Cole’s windows are mostly excursions into whimsy, but some are more popular than others, including a tin man made from the store’s stock of 3-inch aluminum ducting, with a head fashioned from an upside-down tractor funnel.

It’s not unusual for people to ask to buy the displays, Haynsworth said, but they’re not for sale.

Cole’s current “exhibit” is a gentle satire on the popularity of Southwestern design, featuring imitation adobe walls, Southwestern stereotypes and cactuses made from chicken wire and clothespins. “It’s sort of like the overstuffed ‘40s couches,” she said of the Southwestern trend. “It’s a pleasant, sweet, reminiscent idea.”

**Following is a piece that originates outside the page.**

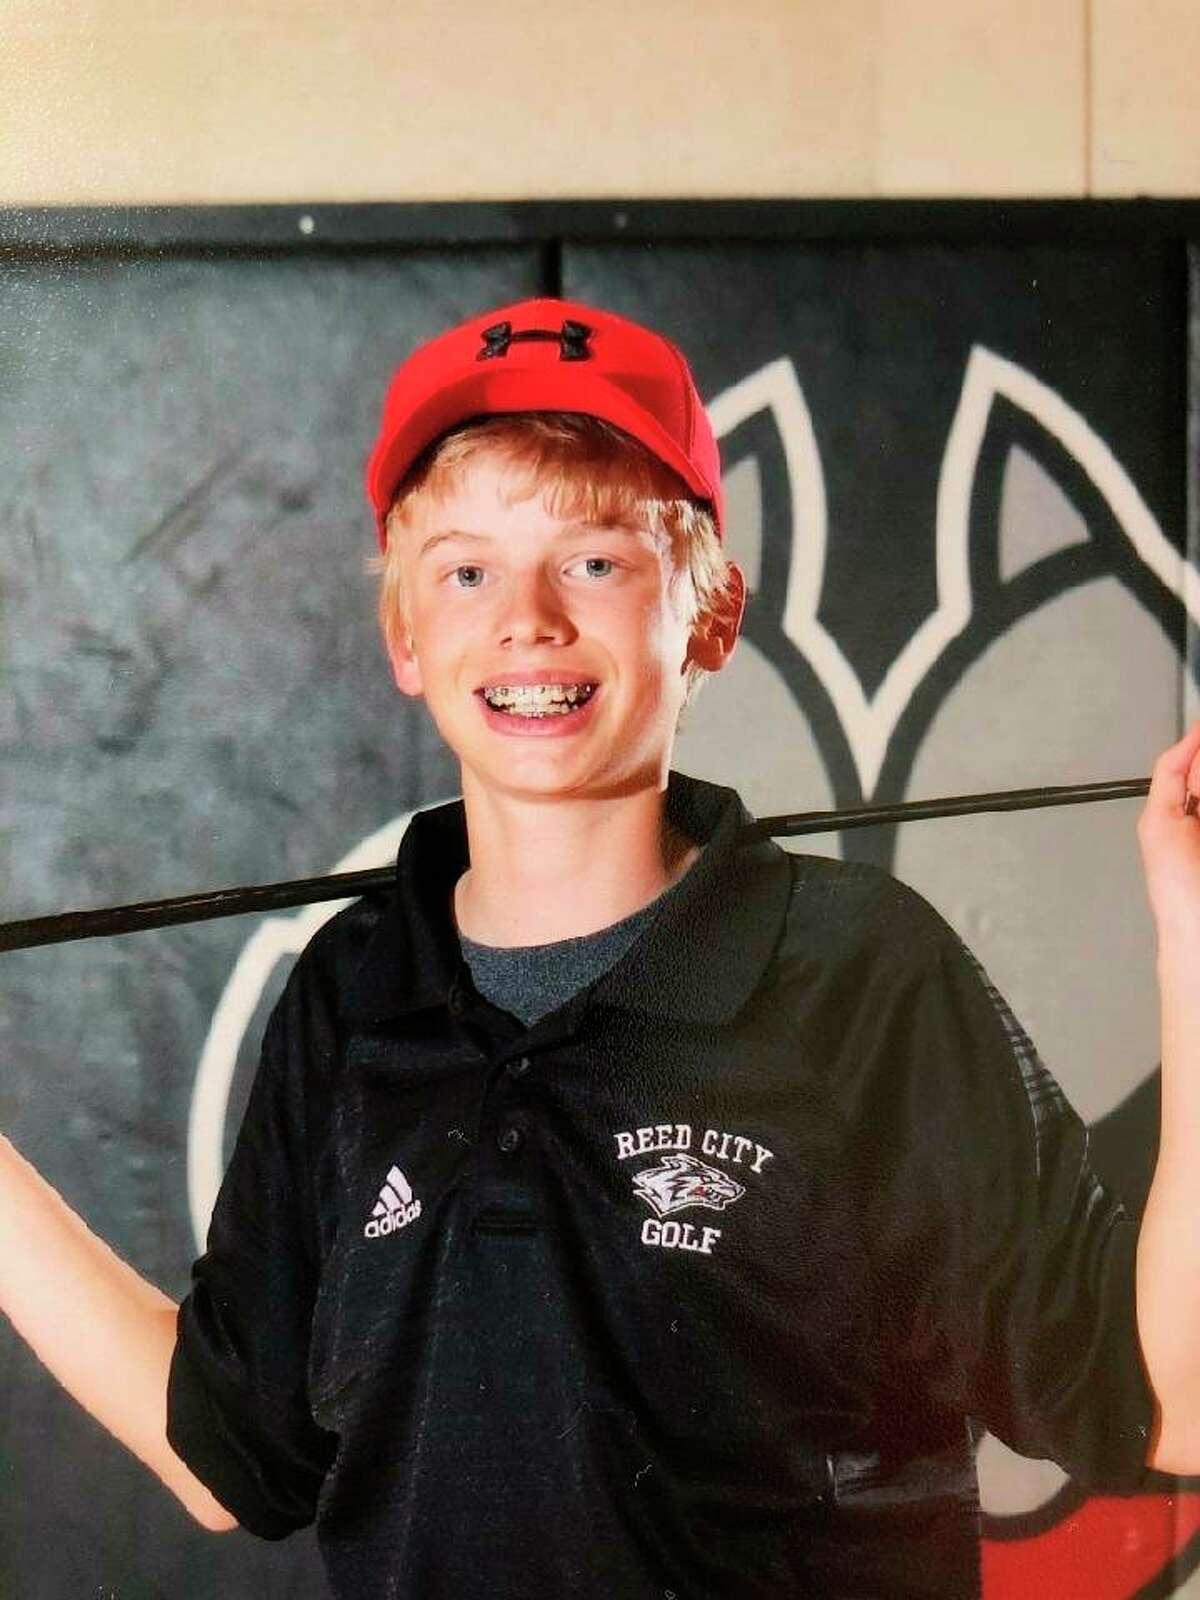 Fischer Morrison is among Reed City's top golfers. (Herald Review photo/John Raffel)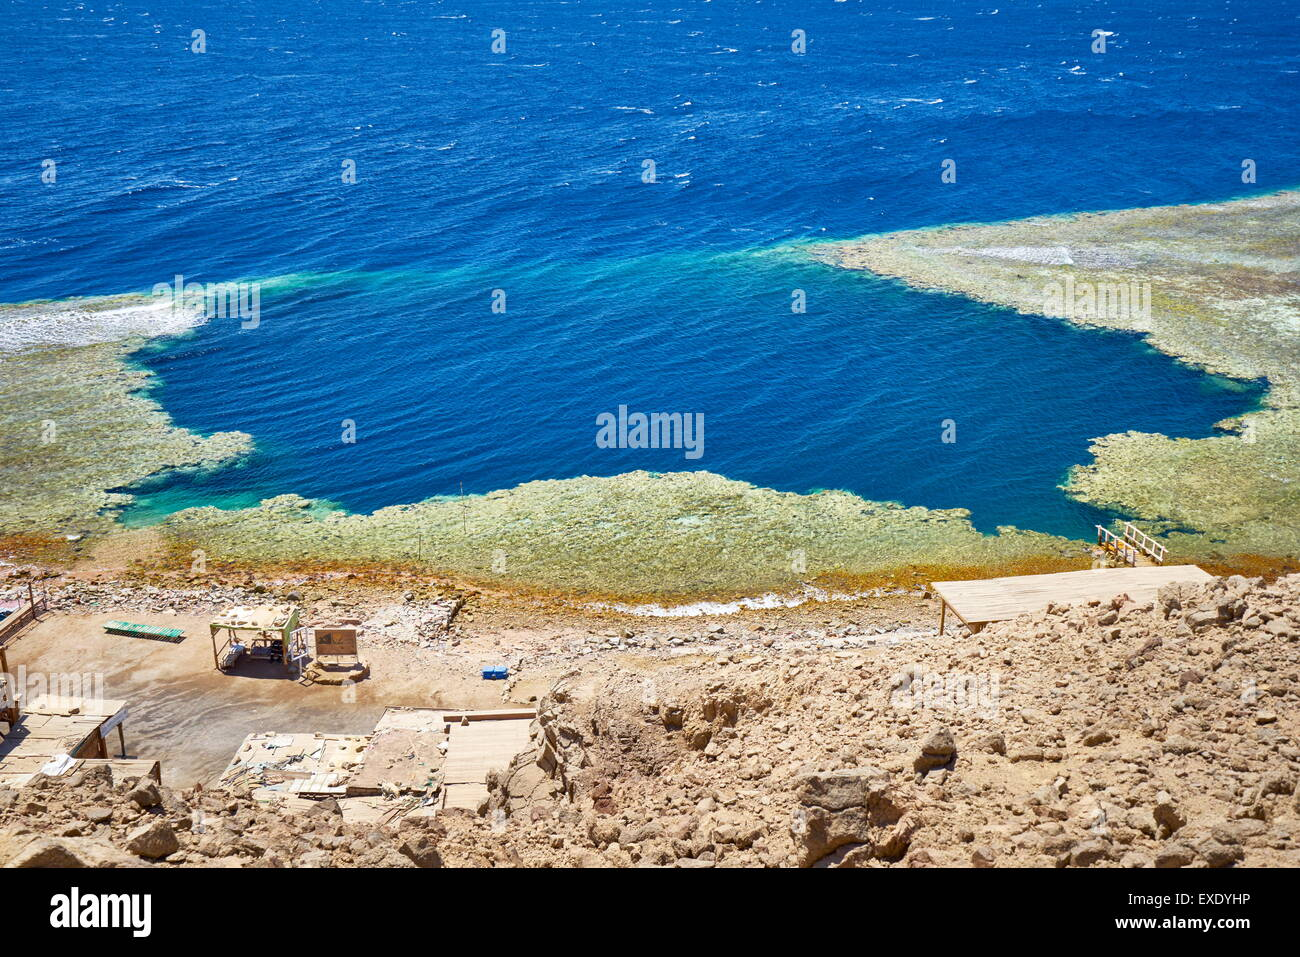 Blue hole, Dahab, Sinai, Red Sea, Egypt - Stock Image

Cole also scatters the windows with examples of the store’s 50,000 items of merchandise, from copper and straw nails to sisal rope, gold-mining pans and snowshoes.

“I don’t want to offend anybody or do anything somebody won’t understand,” she said. “(The store owners) need to advertise what they sell. There’s a lot of levels going on. I’m walking a razor line between something absolutely corny and the sophisticated. I still have the fun of coming up with bizarre, wild ideas.”

Advertisement

Besides, Cole said, she can’t stop her compulsion to make art.

“People who are born with what I’m born with know it’s like an illness,” she said. “You can’t help yourself.”

Now the store pays her to design and fabricate the window displays that blanket about 50 feet of storefront along 5th Avenue and about 25 feet at the other end of the store on 4th Avenue.

The results attract comments from other artists as well as customers, according to the store. “It’s so unorthodox for a hardware store to have window decoration, but it’s not decoration--it’s almost like a show,” Haynsworth said.

Although Cole earns her living with a Solana Beach publisher, she says making the window displays has enriched her life.

“I’ve received letters,” including one she carries with her, she said. “Whenever I feel depressed, I pull it out and read it. You get a letter like this maybe once in a lifetime.”

Written in a neat hand, the letter praises her displays that “pleasure me to the point of temporary forgetfulness of the hassles of being a fixed-income SRO (single-room occupancy) resident too familiar with the negative street ambiance . . . and makes me feel hopeful & ‘possible’ in a personal way . . . you make my walking easier.”